Exxon Mobil Corporation (NYSE:XOM), the 500-pound gorilla of the integrated oil set reported its results for the first quarter of 2013 on Thursday, and the market was unimpressed. Nevertheless, the company’s performance was essentially in line with what those who had observed CEO Rex Tillerson’s comments at a March analyst presentation might have foreseen.
Just the facts
For the quarter, Exxon Mobil Corporation (NYSE:XOM) reported net income of $9.5 billion, or $2.12 per share. That was higher than the $9.45 billion and $2.00 per share for the first quarter of 2012. It also comfortably topped the $2.05-per-share consensus that the analysts who follow Exxon had anticipated. Revenues for the quarter were $108.8 billion, a reduction from last year’s $124.1 billion.
The revenue slide resulted from expected production declines, along with reductions in commodities realizations. Specifically, oil and liquids production was down 3.5% year over year, but slipped only 1.2% when allowing for the effects of entitlement volumes, OPEC quota effects, and divestments. At the same time, crude prices were down $8.66 a barrel from the comparable year-ago quarter.
On the natural gas side, the largest producer of that particular hydrocarbon in the U.S. participated in the price-driven production reduction that was initiated by Chesapeake Energy Corporation (NYSE:CHK), the nation’s No. 2 producer. As a result, gas production was 8.7% lower domestically, which led to a 5.9% global pullback in natural gas output.
Downstream, earnings were off slightly more than 2.5%. However, refinery margins were actually stronger than in the year-ago quarter — which led to a more than $1 billion, or 72%, ,hike in U.S. refining profits — but that strengthening was offset globally by increased expenses, reduced gains on asset sales, and foreign exchange effects. In a related area, earnings from chemicals grew by 62% to $639 million.
What lies ahead?
This look at the past quarter at Exxon Mobil Corporation (NYSE:XOM) is obviously instructional, but a focus on the future reveals far more about the company’s attractiveness as a Foolish energy investment. Indeed, I’m unable to muster any real surprise about the performance. (Indeed, as David Rosenthal, Exxon’s investor relations vice president, noted on the company’s call, first-quarter production volumes — apparently the main source of consternation among those who dropped the company’s share price 1.5% on Thursday — were “in line with the projection presented at the analyst meeting in March.”)
Also described at the March session, however, was the company’s intention to spend about $190 billion during the next five years on various projects. Upstream, between this year and 2017, ExxonMobil has 28 major oil and gas projects in the hopper, most of which are liquids-based. In total, these start-ups are expected to add about a million oil-equivalent barrels to the company’s production during the five-year span.
On the final day of the quarter, for instance, extraction began at its Kearl plant facilities in Alberta, Canada. With initial regulatory approval for 345,000 barrels a day of production, the facility’s early output number will be about 110,000 barrels a day.

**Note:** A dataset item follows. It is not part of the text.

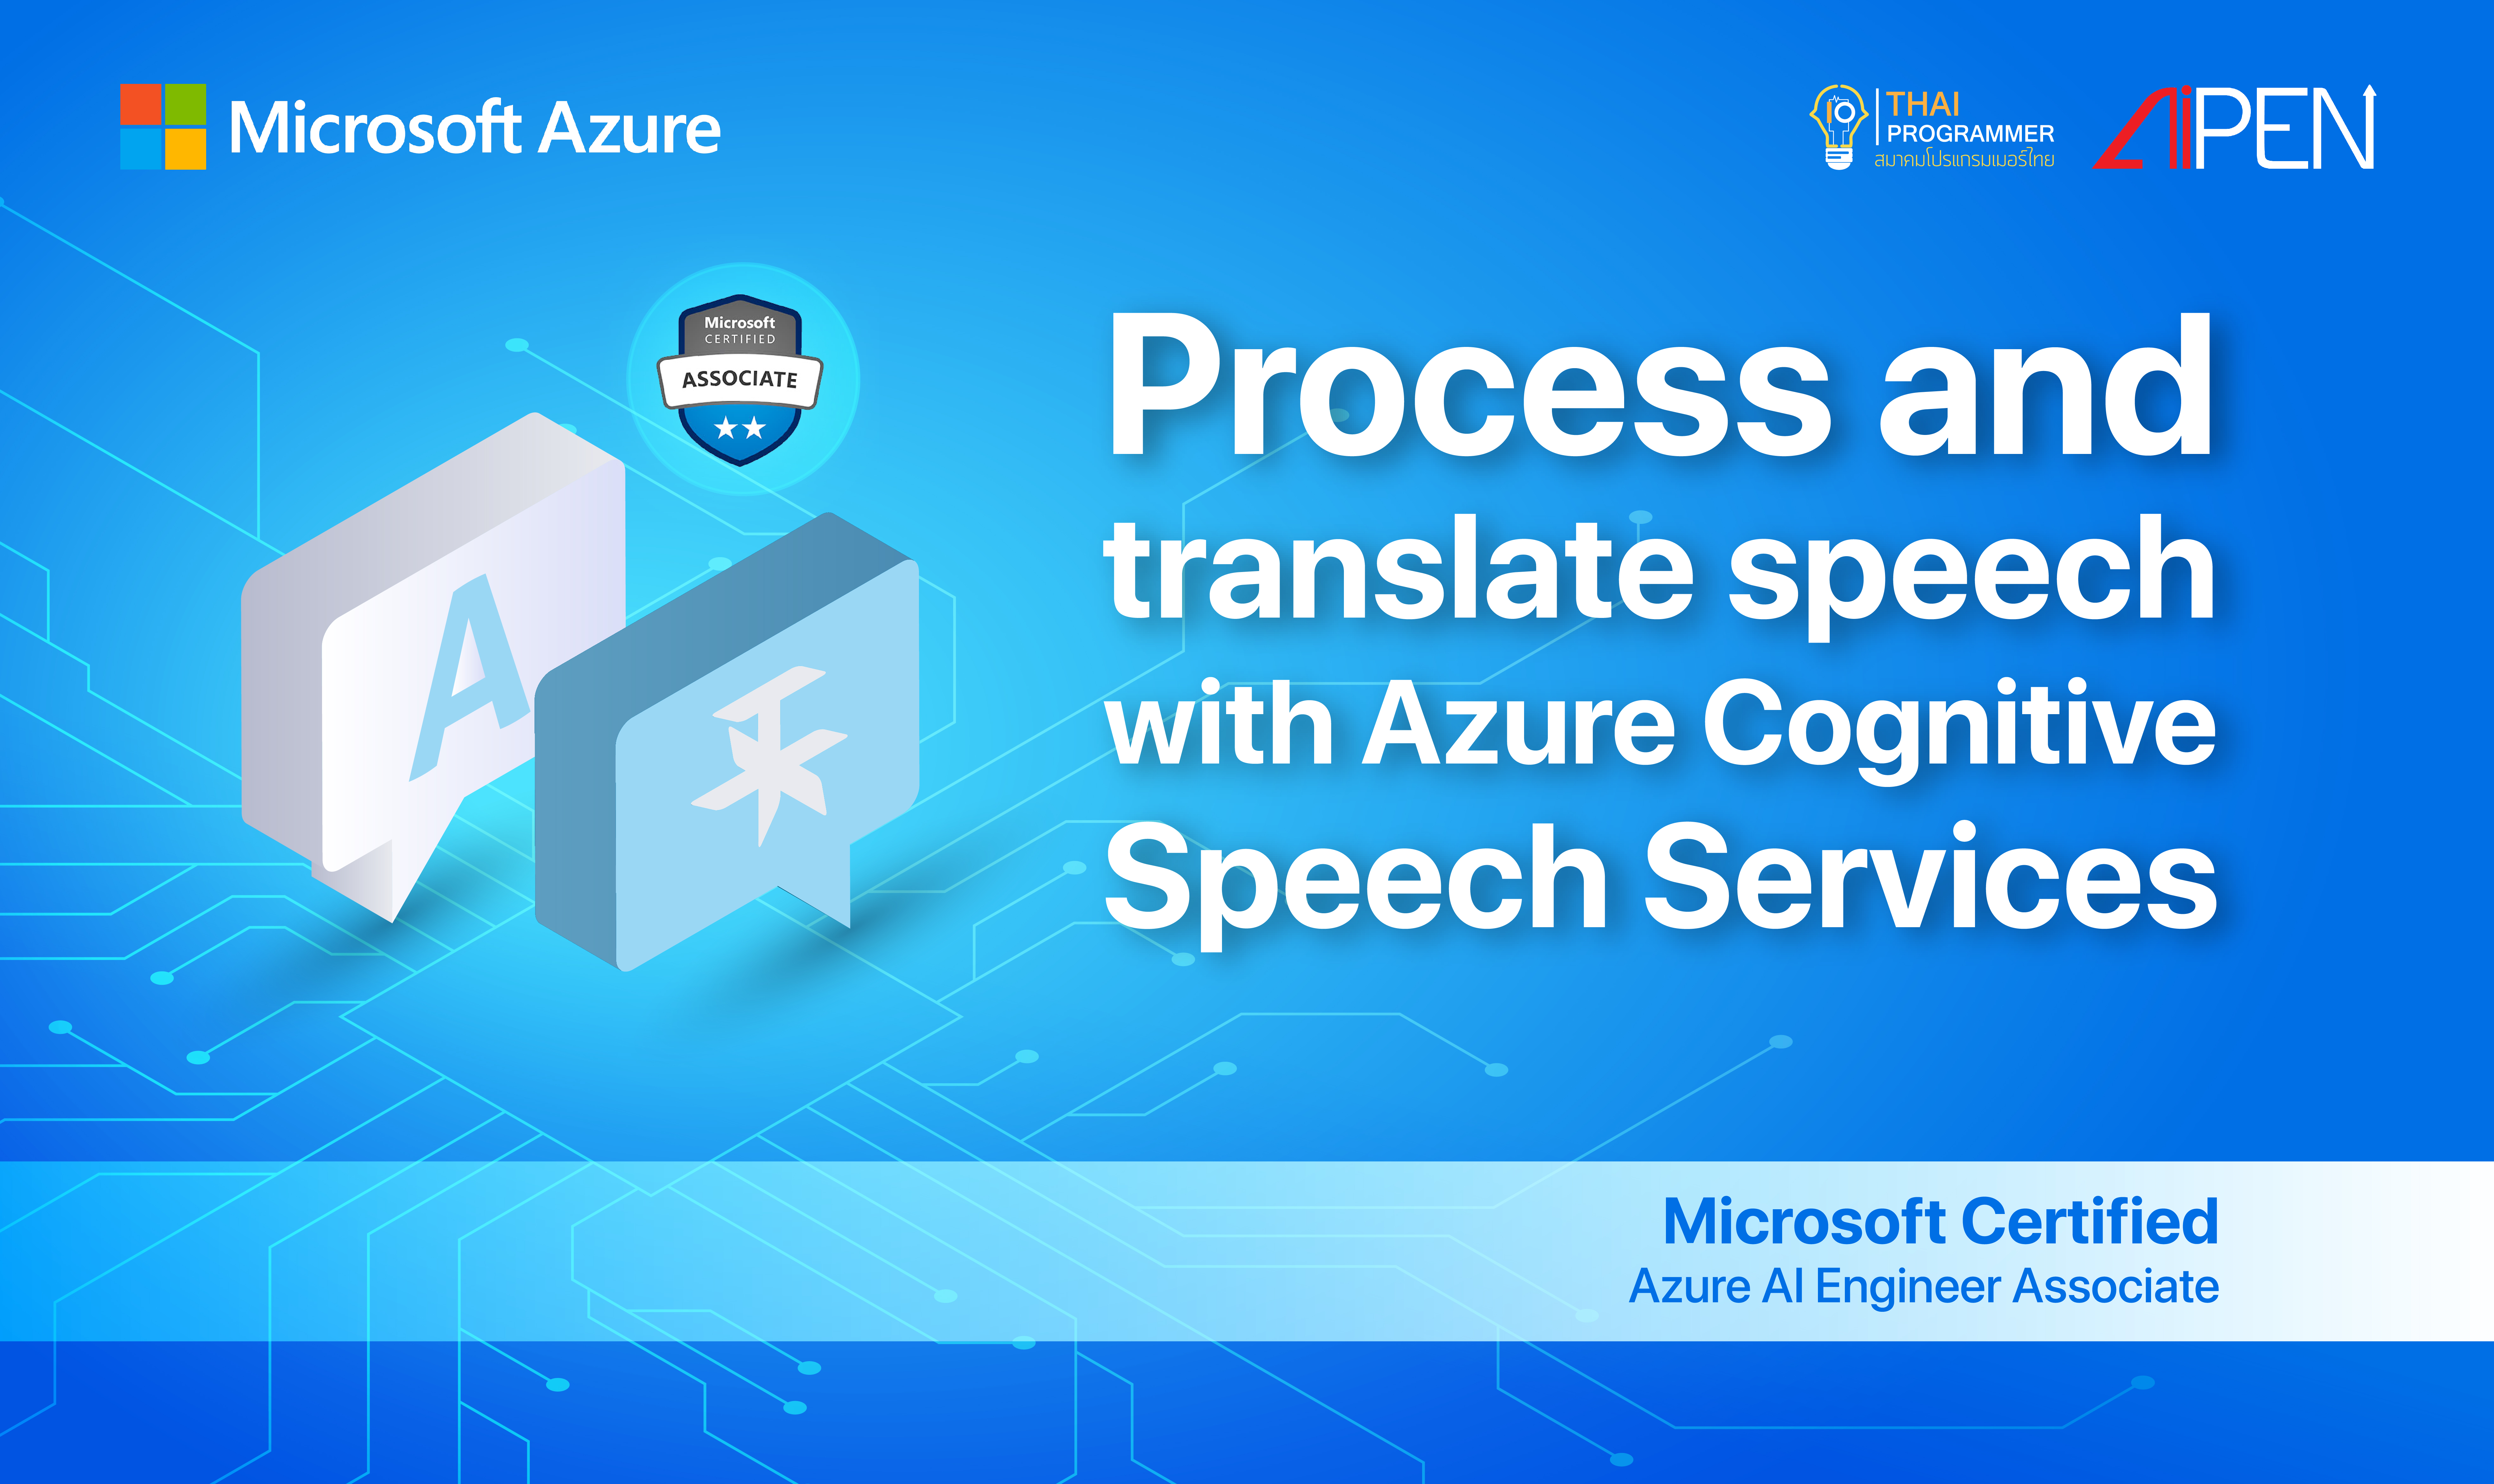 Microsoft Azure : Process and translate speech with Azure Cognitive Speech Services
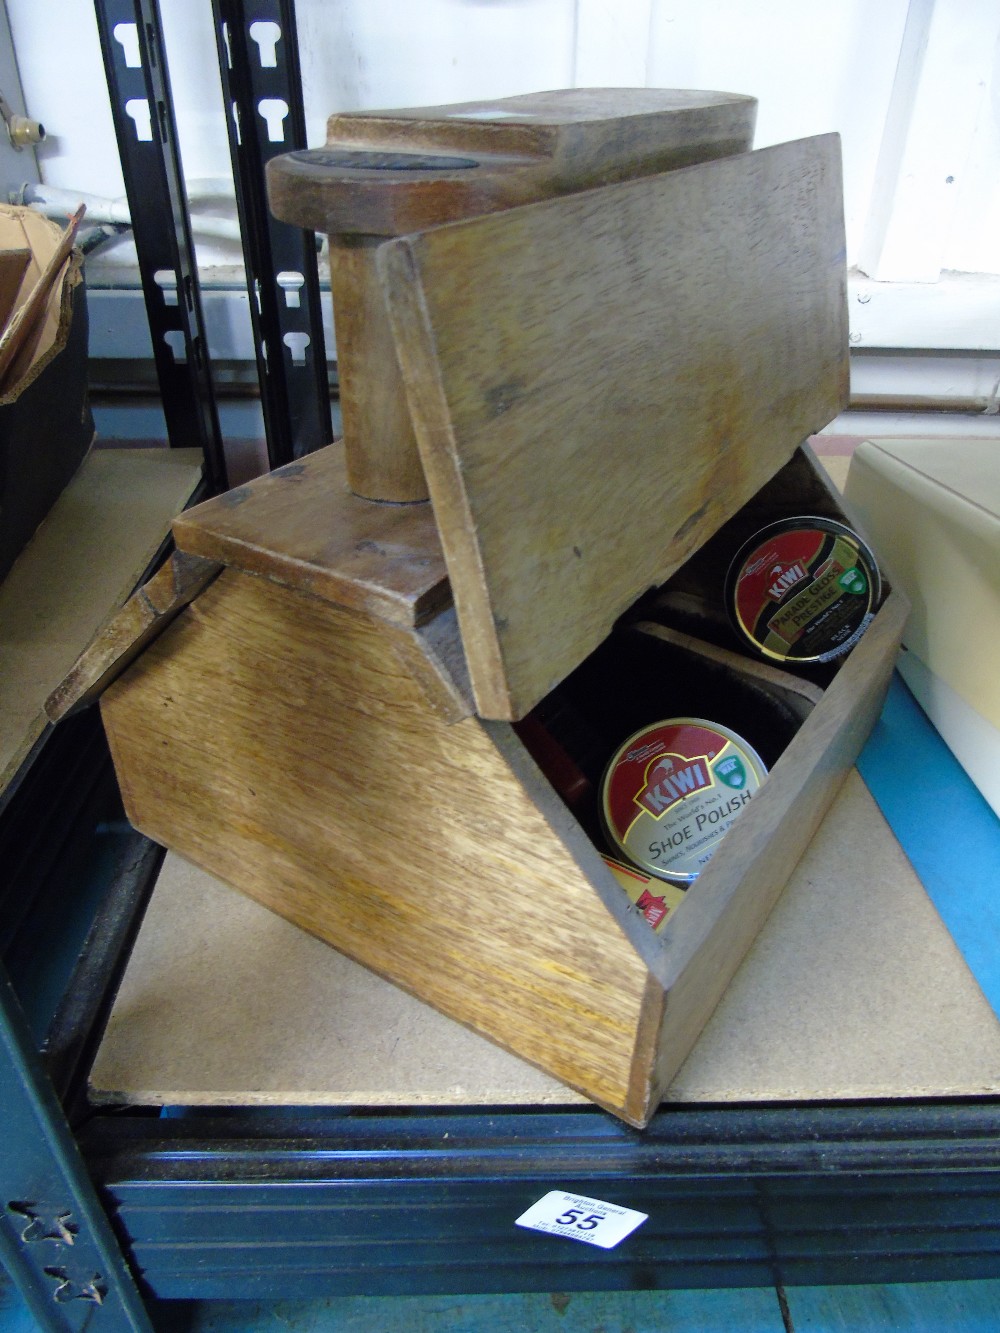 LOVELY VINTAGE 'SHOE SHINE' BOX/STAND INC CONTENTS

Production also started during the quarter at the Telok gas field offshore Malaysia in the South China Sea. When completed, the project will consist of two four-legged gas satellite platforms, which will serve as a base for 14 development wells.
Downstream, the company is in various stages of construction on facilities in Singapore, China, and Finland. In the chemicals portion of its businesses, an expansion at a facility — also in Singapore — has been completed, a major elastomers plant is being developed in Saudi Arabia, and plans are under way for yet another expansion — this one at the company’s huge integrated Baytown complex east of Houston.